TASK PROMPT: The answer must consist solely of the line that contains "Nike Kd V DMV Size 9" and all subsequent lines of the data, each reproduced exactly.

INFORMATION PROVIDED:
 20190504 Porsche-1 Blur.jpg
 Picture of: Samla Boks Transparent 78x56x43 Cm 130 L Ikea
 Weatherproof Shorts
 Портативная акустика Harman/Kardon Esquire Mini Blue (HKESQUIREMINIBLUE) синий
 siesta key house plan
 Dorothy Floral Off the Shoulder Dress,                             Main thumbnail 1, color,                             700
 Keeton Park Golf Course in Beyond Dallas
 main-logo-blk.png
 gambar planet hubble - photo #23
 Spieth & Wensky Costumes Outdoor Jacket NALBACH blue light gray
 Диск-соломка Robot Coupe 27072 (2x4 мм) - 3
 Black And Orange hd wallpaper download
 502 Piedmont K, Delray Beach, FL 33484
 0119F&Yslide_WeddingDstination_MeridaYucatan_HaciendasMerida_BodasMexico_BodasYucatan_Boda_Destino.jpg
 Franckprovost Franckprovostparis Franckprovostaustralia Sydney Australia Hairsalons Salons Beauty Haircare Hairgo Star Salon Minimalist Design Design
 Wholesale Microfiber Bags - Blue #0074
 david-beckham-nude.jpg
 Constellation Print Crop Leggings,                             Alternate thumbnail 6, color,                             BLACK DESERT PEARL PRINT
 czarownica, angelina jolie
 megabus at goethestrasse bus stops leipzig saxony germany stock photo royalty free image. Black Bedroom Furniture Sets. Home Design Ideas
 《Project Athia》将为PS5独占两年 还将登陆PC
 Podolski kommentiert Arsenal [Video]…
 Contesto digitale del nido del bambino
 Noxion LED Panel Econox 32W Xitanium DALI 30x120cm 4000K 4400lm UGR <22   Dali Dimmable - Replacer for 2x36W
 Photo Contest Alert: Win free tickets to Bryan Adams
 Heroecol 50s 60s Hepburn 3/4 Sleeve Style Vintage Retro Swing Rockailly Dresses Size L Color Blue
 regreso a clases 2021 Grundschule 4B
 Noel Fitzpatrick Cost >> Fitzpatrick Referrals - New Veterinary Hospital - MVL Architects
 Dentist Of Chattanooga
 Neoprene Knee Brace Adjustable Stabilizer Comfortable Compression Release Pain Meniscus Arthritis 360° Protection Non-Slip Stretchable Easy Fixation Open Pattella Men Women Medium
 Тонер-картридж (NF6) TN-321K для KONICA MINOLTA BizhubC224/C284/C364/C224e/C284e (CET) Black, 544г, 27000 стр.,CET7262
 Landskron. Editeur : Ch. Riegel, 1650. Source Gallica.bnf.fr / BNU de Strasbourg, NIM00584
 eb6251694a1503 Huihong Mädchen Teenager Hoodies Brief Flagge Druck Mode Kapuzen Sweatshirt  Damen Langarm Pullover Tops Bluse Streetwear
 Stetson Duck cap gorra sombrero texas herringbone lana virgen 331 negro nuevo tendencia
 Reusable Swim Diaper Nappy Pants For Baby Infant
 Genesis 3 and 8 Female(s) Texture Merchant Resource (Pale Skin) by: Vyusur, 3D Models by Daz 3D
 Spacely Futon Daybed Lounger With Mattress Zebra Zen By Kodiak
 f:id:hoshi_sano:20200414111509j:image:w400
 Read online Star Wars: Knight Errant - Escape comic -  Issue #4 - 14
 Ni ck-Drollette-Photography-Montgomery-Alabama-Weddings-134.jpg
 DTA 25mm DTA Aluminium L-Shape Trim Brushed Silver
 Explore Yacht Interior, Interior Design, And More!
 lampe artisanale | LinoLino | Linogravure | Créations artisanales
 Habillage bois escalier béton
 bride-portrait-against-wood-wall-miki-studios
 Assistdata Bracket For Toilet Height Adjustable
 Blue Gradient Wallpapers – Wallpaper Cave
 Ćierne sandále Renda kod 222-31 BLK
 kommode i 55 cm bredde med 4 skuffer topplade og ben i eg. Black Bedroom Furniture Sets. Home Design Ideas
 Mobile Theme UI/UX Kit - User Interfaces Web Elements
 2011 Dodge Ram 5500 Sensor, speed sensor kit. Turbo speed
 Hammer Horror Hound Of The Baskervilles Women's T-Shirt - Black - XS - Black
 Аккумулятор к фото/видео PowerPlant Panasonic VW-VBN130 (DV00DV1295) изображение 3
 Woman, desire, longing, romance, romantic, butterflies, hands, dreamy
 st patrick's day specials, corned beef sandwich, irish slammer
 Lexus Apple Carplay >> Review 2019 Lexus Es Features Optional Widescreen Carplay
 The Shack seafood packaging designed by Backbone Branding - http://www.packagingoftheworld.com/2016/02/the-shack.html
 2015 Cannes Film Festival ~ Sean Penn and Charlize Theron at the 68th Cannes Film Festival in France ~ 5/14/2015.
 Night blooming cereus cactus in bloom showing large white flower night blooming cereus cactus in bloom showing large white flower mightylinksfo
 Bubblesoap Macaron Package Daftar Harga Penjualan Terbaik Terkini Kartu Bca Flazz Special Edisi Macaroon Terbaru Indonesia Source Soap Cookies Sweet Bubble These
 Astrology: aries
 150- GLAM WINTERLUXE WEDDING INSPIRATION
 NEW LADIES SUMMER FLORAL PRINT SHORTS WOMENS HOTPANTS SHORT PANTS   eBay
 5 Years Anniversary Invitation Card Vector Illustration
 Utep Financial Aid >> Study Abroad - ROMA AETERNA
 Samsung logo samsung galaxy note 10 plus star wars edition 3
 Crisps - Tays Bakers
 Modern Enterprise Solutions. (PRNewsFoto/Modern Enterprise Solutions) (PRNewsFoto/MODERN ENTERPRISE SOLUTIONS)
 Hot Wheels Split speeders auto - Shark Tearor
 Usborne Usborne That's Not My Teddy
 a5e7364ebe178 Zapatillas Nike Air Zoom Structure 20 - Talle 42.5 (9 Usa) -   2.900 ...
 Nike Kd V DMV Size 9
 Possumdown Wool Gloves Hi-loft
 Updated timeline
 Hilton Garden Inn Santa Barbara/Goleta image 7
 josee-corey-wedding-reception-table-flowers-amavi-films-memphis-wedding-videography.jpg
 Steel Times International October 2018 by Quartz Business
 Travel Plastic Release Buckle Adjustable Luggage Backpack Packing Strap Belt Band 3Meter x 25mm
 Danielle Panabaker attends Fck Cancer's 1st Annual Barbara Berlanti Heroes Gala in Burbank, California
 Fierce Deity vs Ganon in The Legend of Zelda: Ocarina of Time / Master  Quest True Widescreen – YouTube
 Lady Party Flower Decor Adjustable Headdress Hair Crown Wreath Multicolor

OUTPUT OF THE TASK:
 Nike Kd V DMV Size 9
 Possumdown Wool Gloves Hi-loft
 Updated timeline
 Hilton Garden Inn Santa Barbara/Goleta image 7
 josee-corey-wedding-reception-table-flowers-amavi-films-memphis-wedding-videography.jpg
 Steel Times International October 2018 by Quartz Business
 Travel Plastic Release Buckle Adjustable Luggage Backpack Packing Strap Belt Band 3Meter x 25mm
 Danielle Panabaker attends Fck Cancer's 1st Annual Barbara Berlanti Heroes Gala in Burbank, California
 Fierce Deity vs Ganon in The Legend of Zelda: Ocarina of Time / Master  Quest True Widescreen – YouTube
 Lady Party Flower Decor Adjustable Headdress Hair Crown Wreath Multicolor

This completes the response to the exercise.